Updated

And now the most engaging two minutes in television, the latest footnotes for the war on terrorism. 

A man identified as a Saudi financier who went to Afghanistan to fight alongside Usama bin Laden claims bin Laded fled the country 10 days ago into Pakistan, and he has since sent one of his sons back into Tora Bora to lead the remaining Al Qaeda fighters. 

Abu Jaffar was interviewed by the Christian Science Monitor in an Afghan village still sympathetic to bin Laden.  He said those remaining in the Tora Bora cave complex have had their supplies cut off, and that about   120 Al Qaeda fighters have been killed in those bombing raids on the caves.

But he said that bin Laden had gotten out of the country into Pakistan, with the help of some friendly Pashtun tribesmen.  As Bret Baier noted earlier, U.S. officials have said they have no evidence that bin Laden has actually escaped.

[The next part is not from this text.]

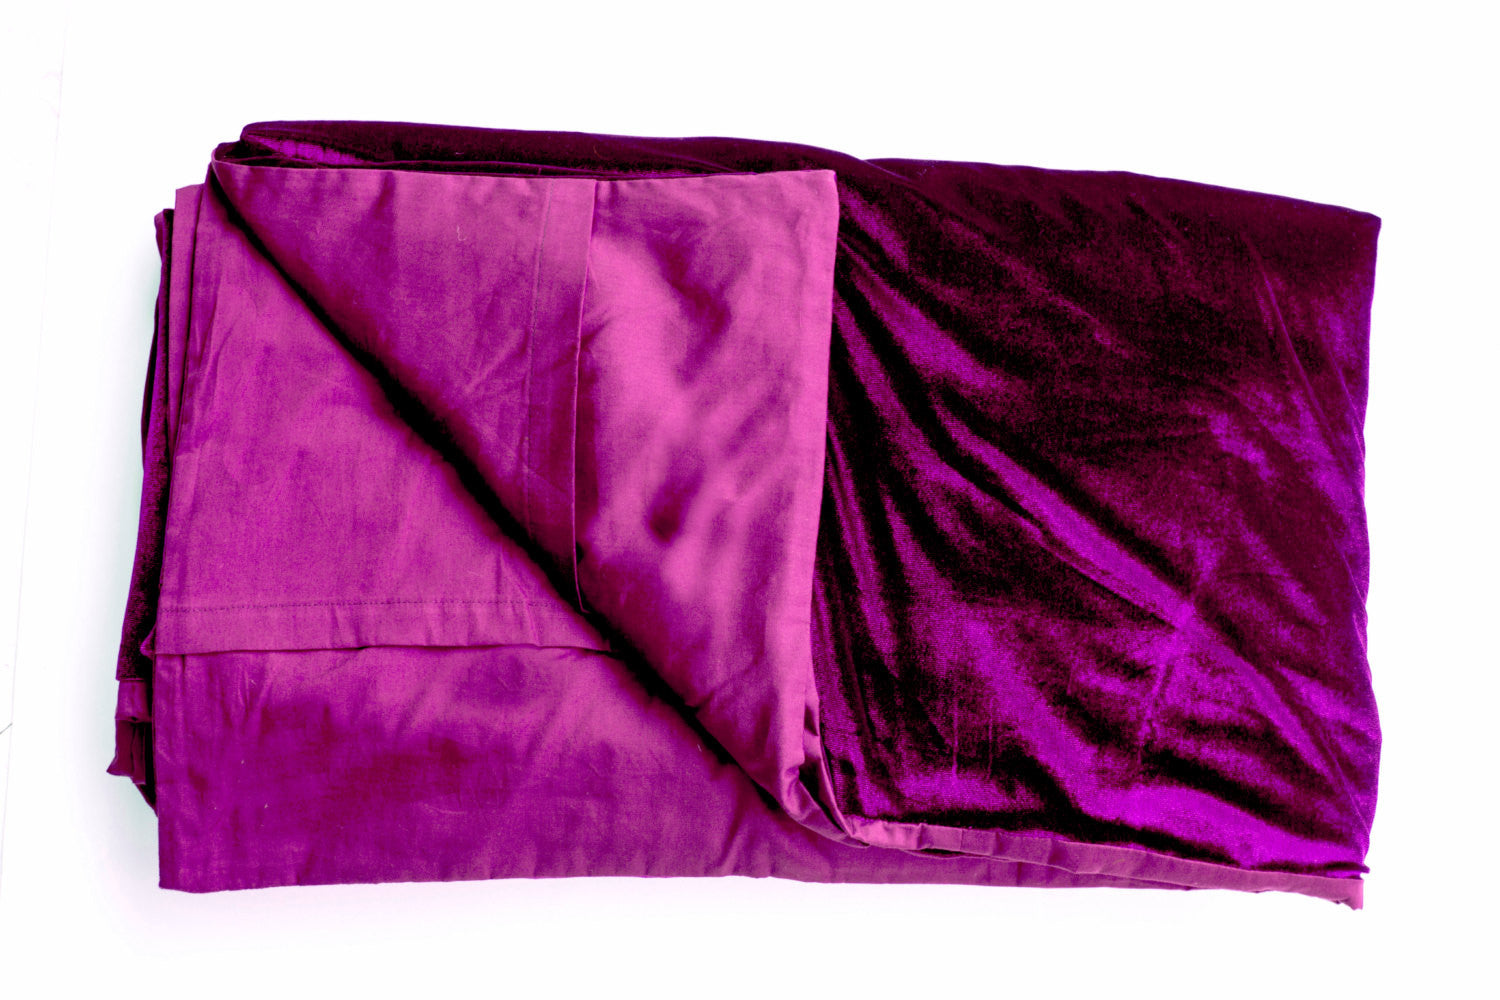 Luxury king size purple bedspread

John Walker Lindh, the American Taliban being held by U.S. forces at Camp Rhino there in southern Afghanistan, has told U.S. interrogators that Al Qaeda plans a biological attack on the U.S. in a matter of days, and that it intends a final third attack, intended to destroy the entire country.  U.S. officials are said, however, to be highly skeptical of what Walker is saying, thinking it likely to be mere Taliban gossip, or as one official put it, "tales around the campfire."

A group called the Asian American Legal Defense and Education Fund got a $30,000 grant from the Sept. 11 fund.  The group said it needed the money to combat "hate violence" and "workplace discrimination."  Some wondered at the time what that had to do with helping the victims of the Sept. 11 attacks.  Now, according to C.N.S., the Cybercast News Service, the group has joined in a lawsuit against the Justice Department to force it to reveal the identities of suspects detained in the department's anti-terror crackdown.  C.N.S. says the group did not return phone calls for comment on the suit.